→ RECORDED DATA:
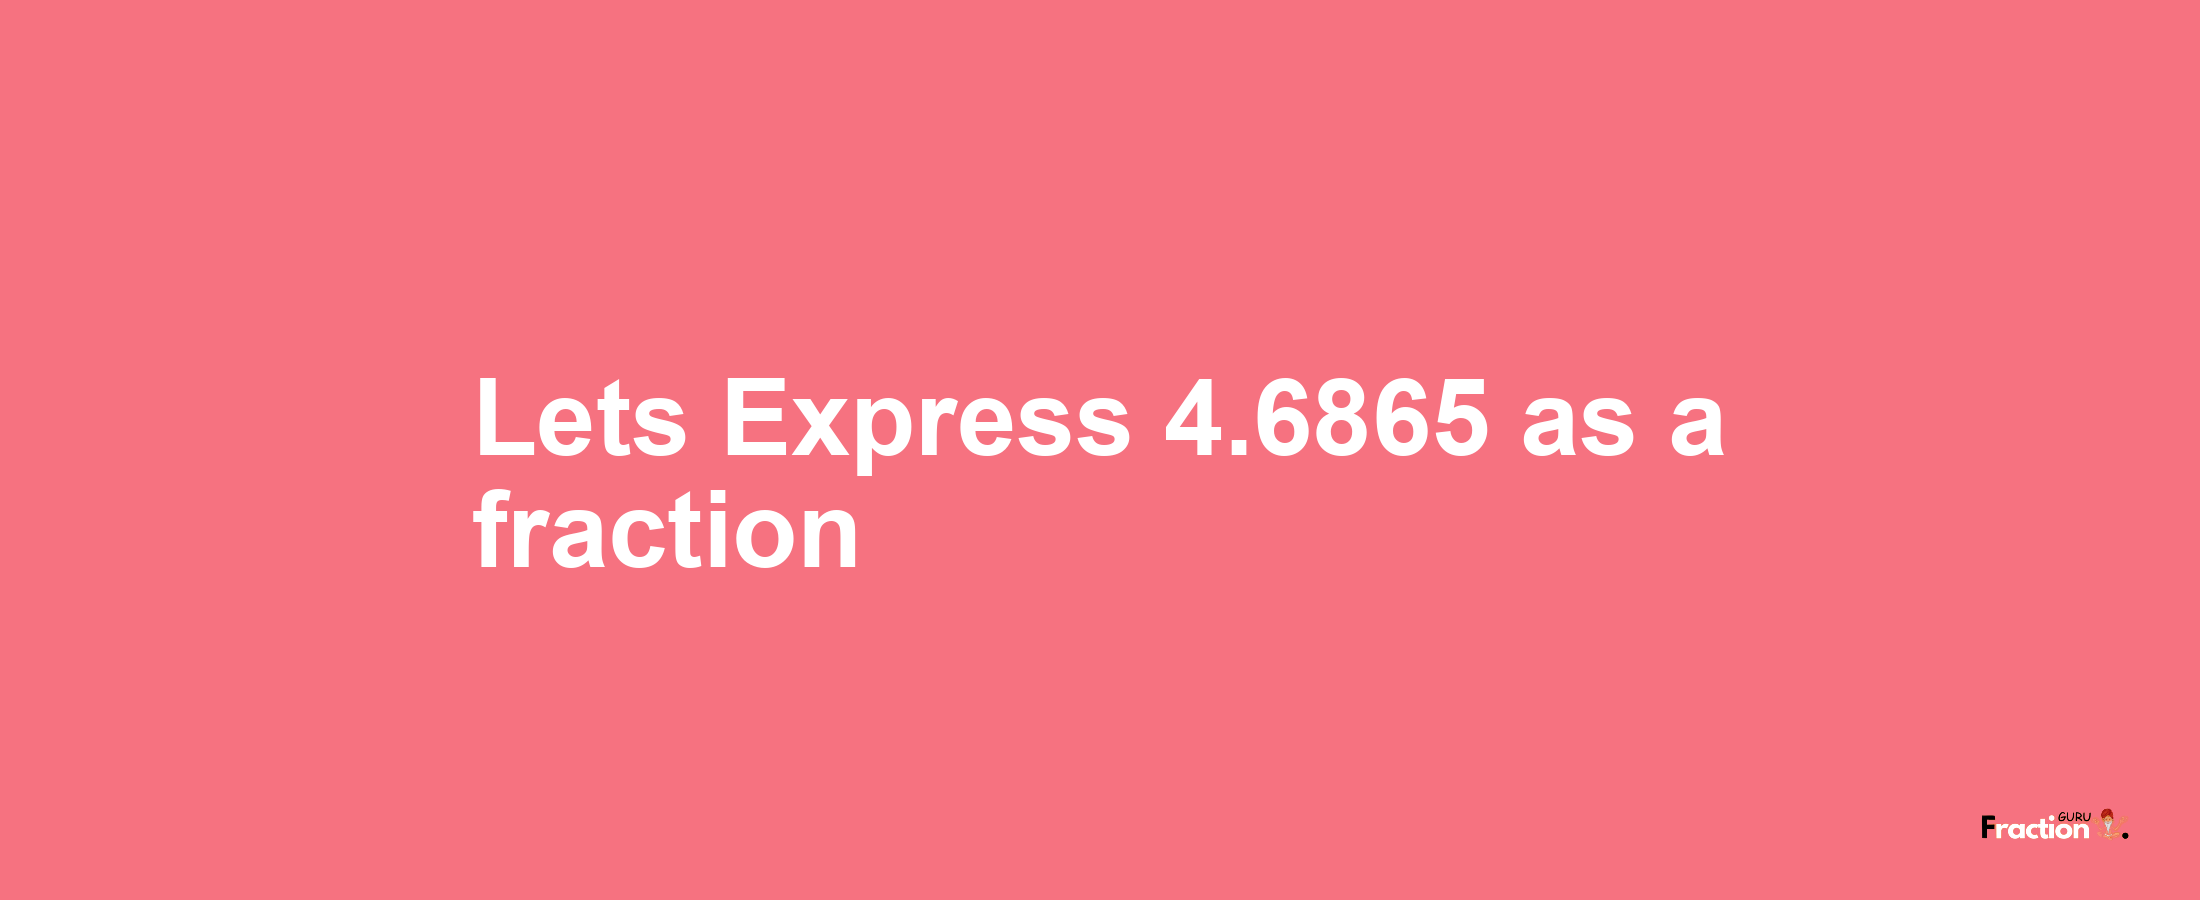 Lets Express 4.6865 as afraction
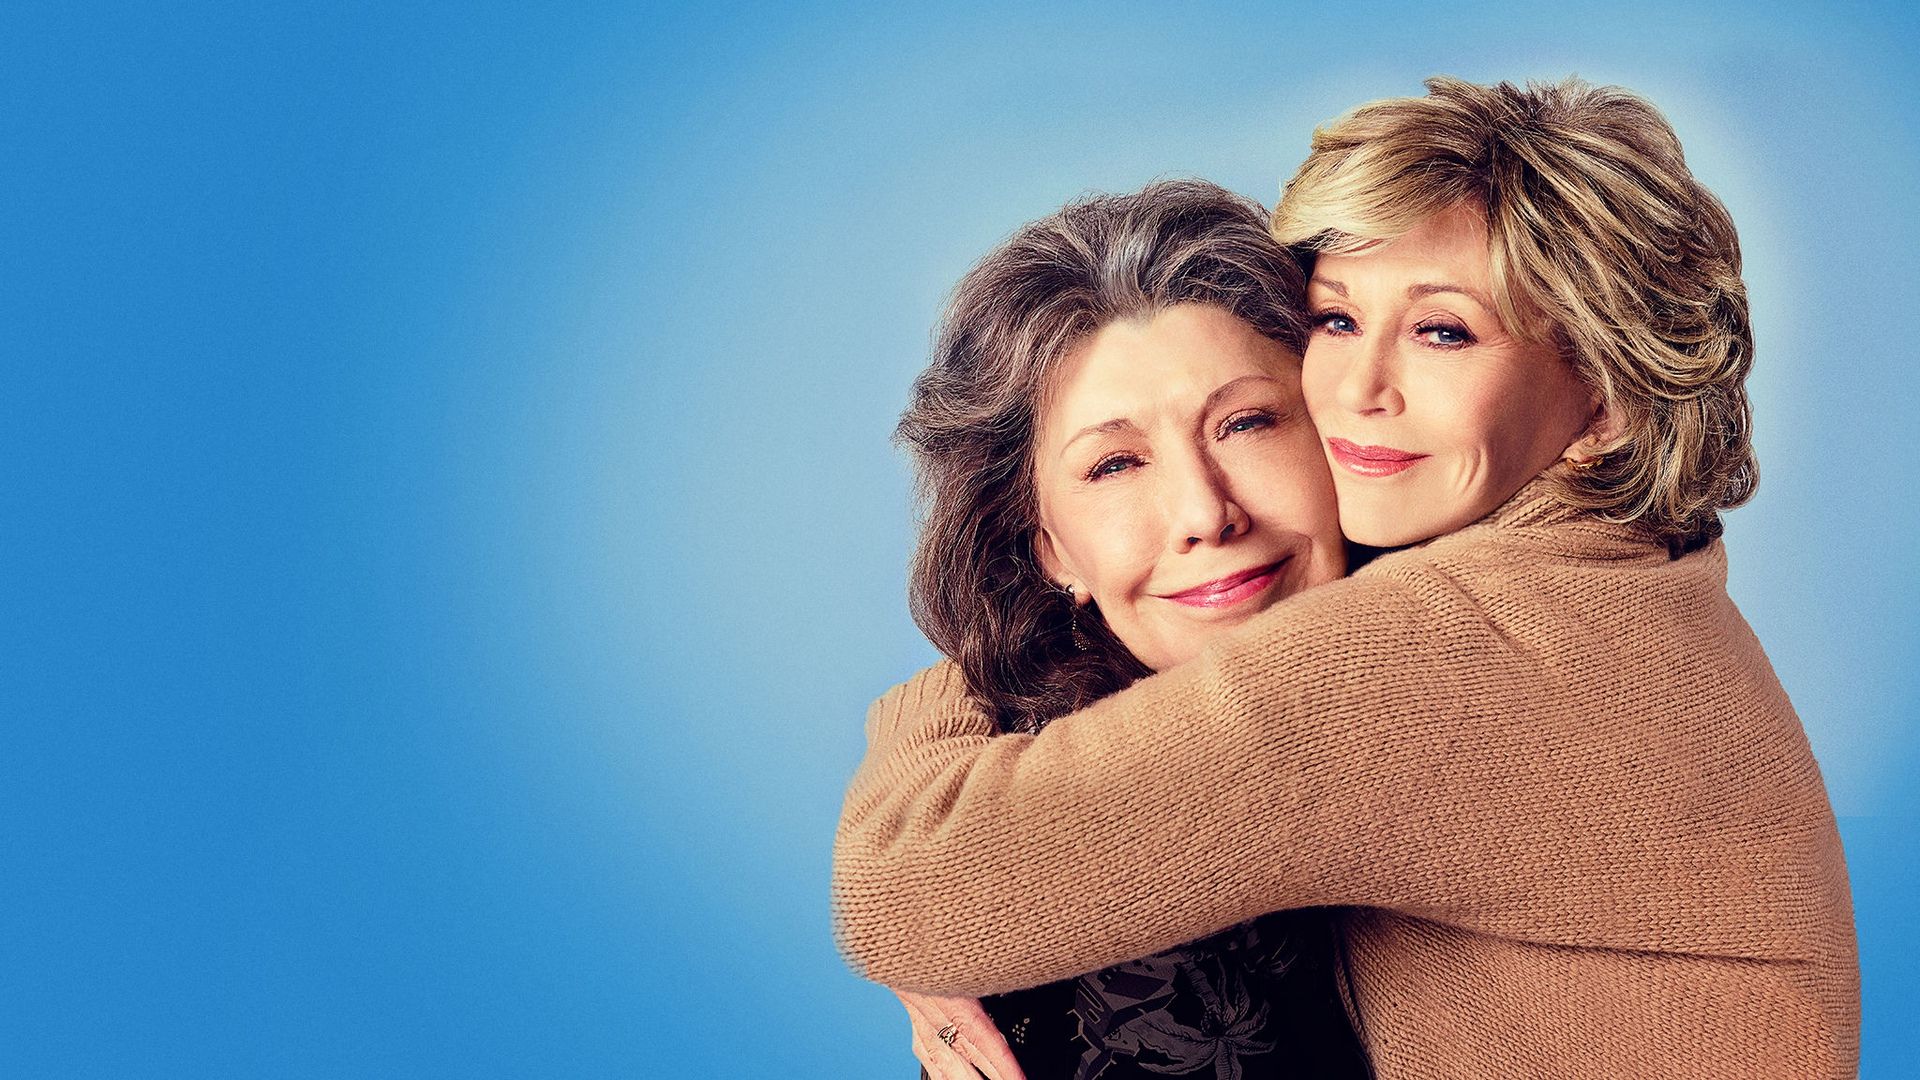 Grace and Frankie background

--

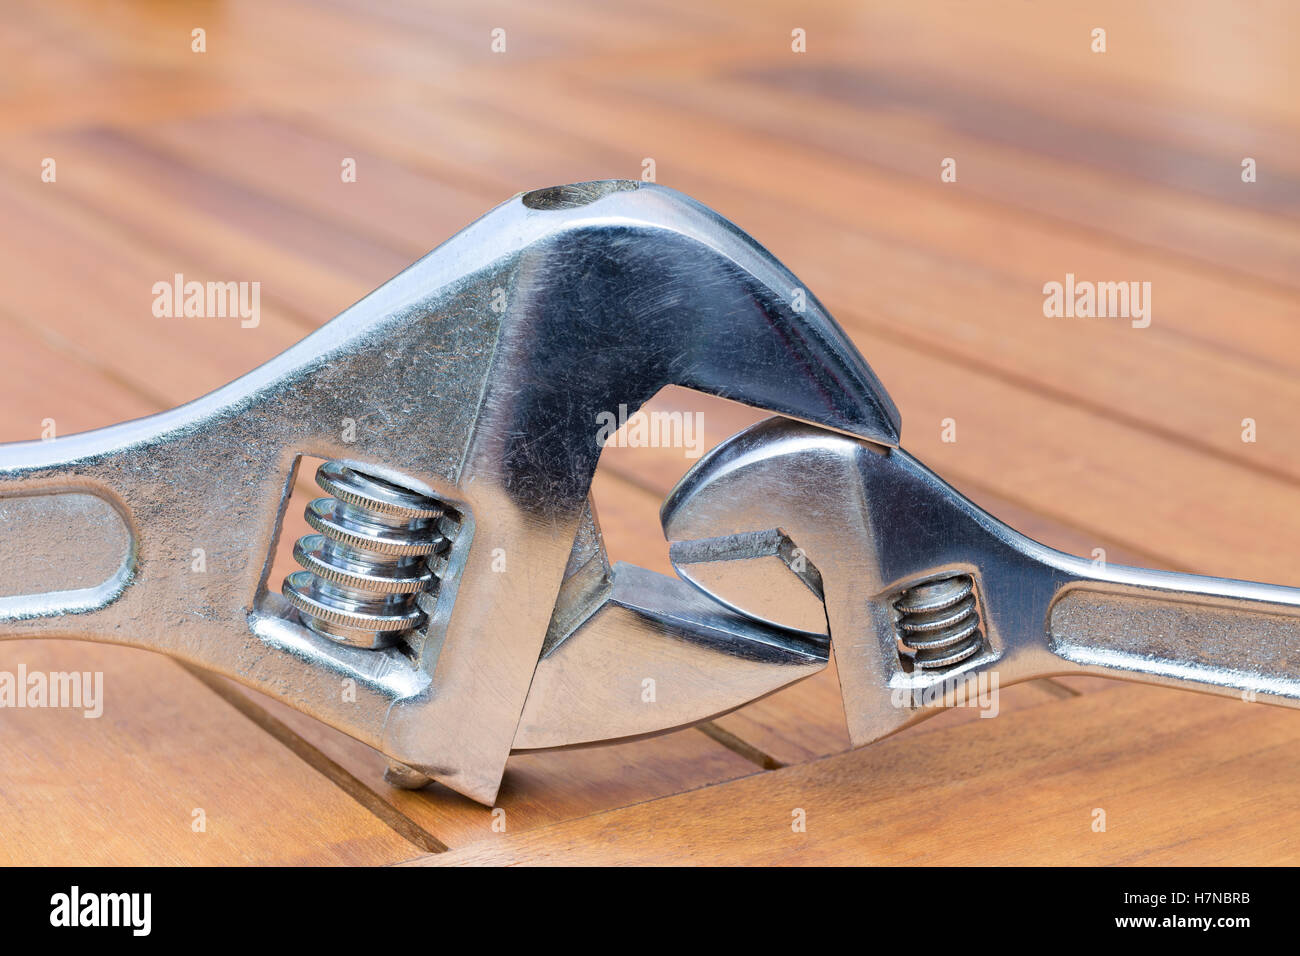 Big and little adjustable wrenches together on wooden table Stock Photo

==

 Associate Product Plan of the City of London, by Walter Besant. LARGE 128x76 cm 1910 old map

→ WHAT THIS TASK INVOLVES:
Above are some records; extract exactly the lines from the one containing "Lets Express 4.6865 as afraction" through the one containing "Grace and Frankie background" and drop the pictures.

→ EXERCISE RESULT:
 Lets Express 4.6865 as afraction
 Grace and Frankie background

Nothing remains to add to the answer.